Lee de nuevo el mensaje #3 y deci que es lo que no entendes.


----------



## decioaccietto (Ene 23, 2009)

suponiendo que la fuente estubiera con poladirad invertida, que d1 conduce y que d2 no conduce..  como hago ese calculo?, no entiendo como es el calculo de la fuente de tension y la de corriente..


----------



## Eduardo (Ene 23, 2009)

Si supones que D1 conduce y D2 no, el circuito equivalente es un solo bucle --> la corriente en el bucle es trivial debido a que incluye una fuente de corriente y calculando la tension correspondiente en D2 se ve que queda polarizado inversamente --> OK, no conduce.


----------



## decioaccietto (Ene 24, 2009)

muy bien, muchas gracias!.. ahora tengo algunas dudas..
a)¿siempre que alla una fuente de corriente en una malla sera esa la corriente , sin importar si hay una fuente de tension y resistencias?
b)¿como se calculan los -5 voltios que pasan atras del diodo?


----------



## Eduardo (Ene 24, 2009)

> a)¿siempre que alla una fuente de corriente en una malla sera esa la corriente , sin importar si hay una fuente de tension y resistencias?


Si fuera diferente no seria una "fuente de corriente" (Hablamos de una malla como 'esa').



> b)¿como se calculan los -5 voltios que pasan atras del diodo?

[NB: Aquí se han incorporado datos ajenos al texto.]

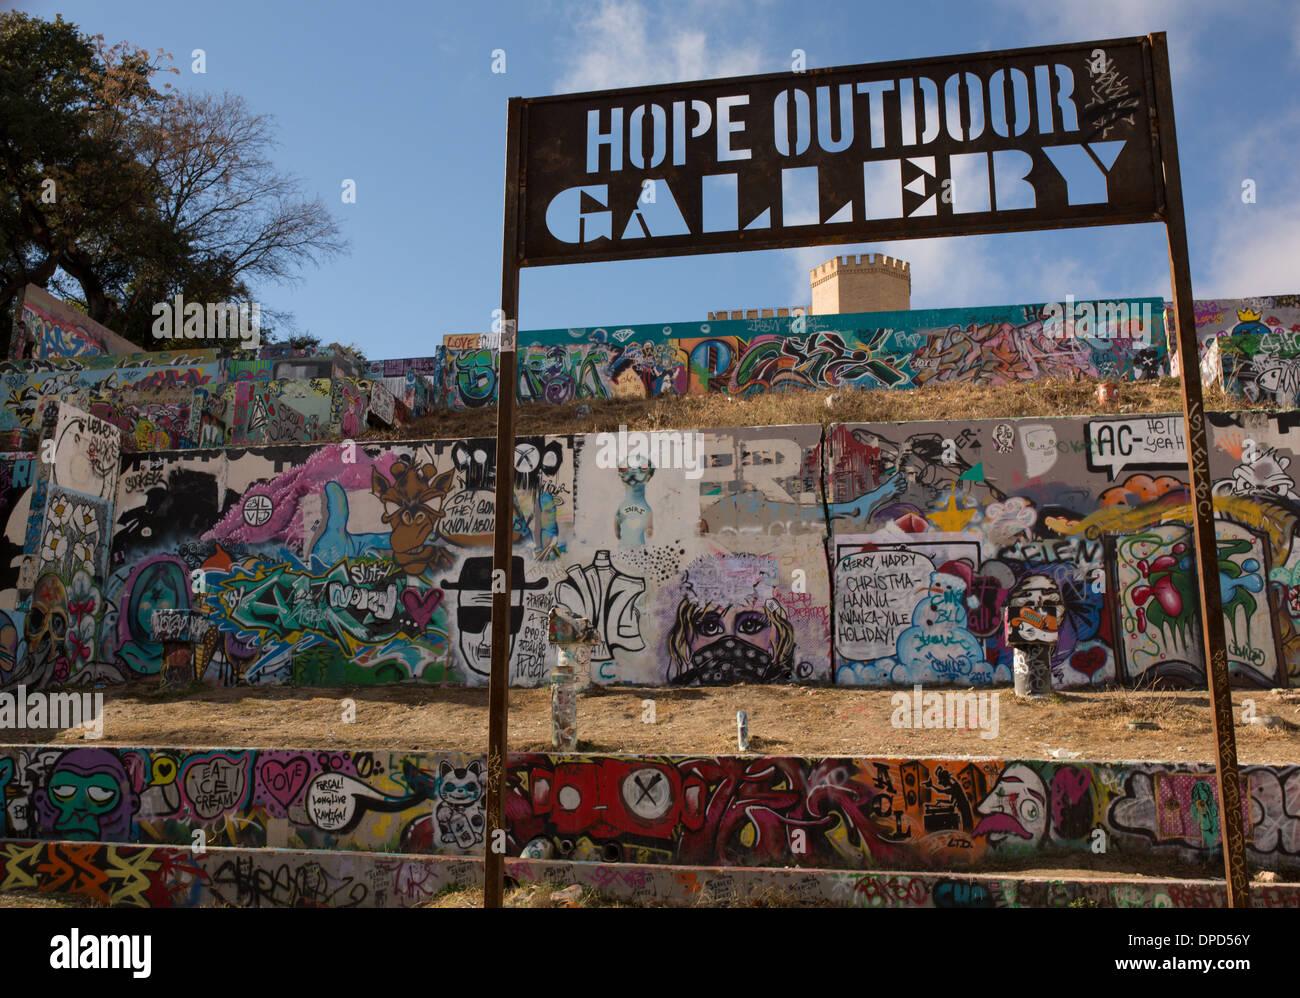 Hope outdoor gallery austin texas graffiti wall

     Sumas la caida en la fuente de tension y en la resistencia con el signo correspondiente:
VD2 = Vfuente + Ir*R = -10 + 0.005*1000 = -5


----------



## decioaccietto (Ene 24, 2009)

MUCHAS GRACIAS EDUARDO! me has matado varias dudas.. siempre que tenia una fuente de corriente se me complicaba (salvo que tubiera en paralelo con una resistencia..)..


----------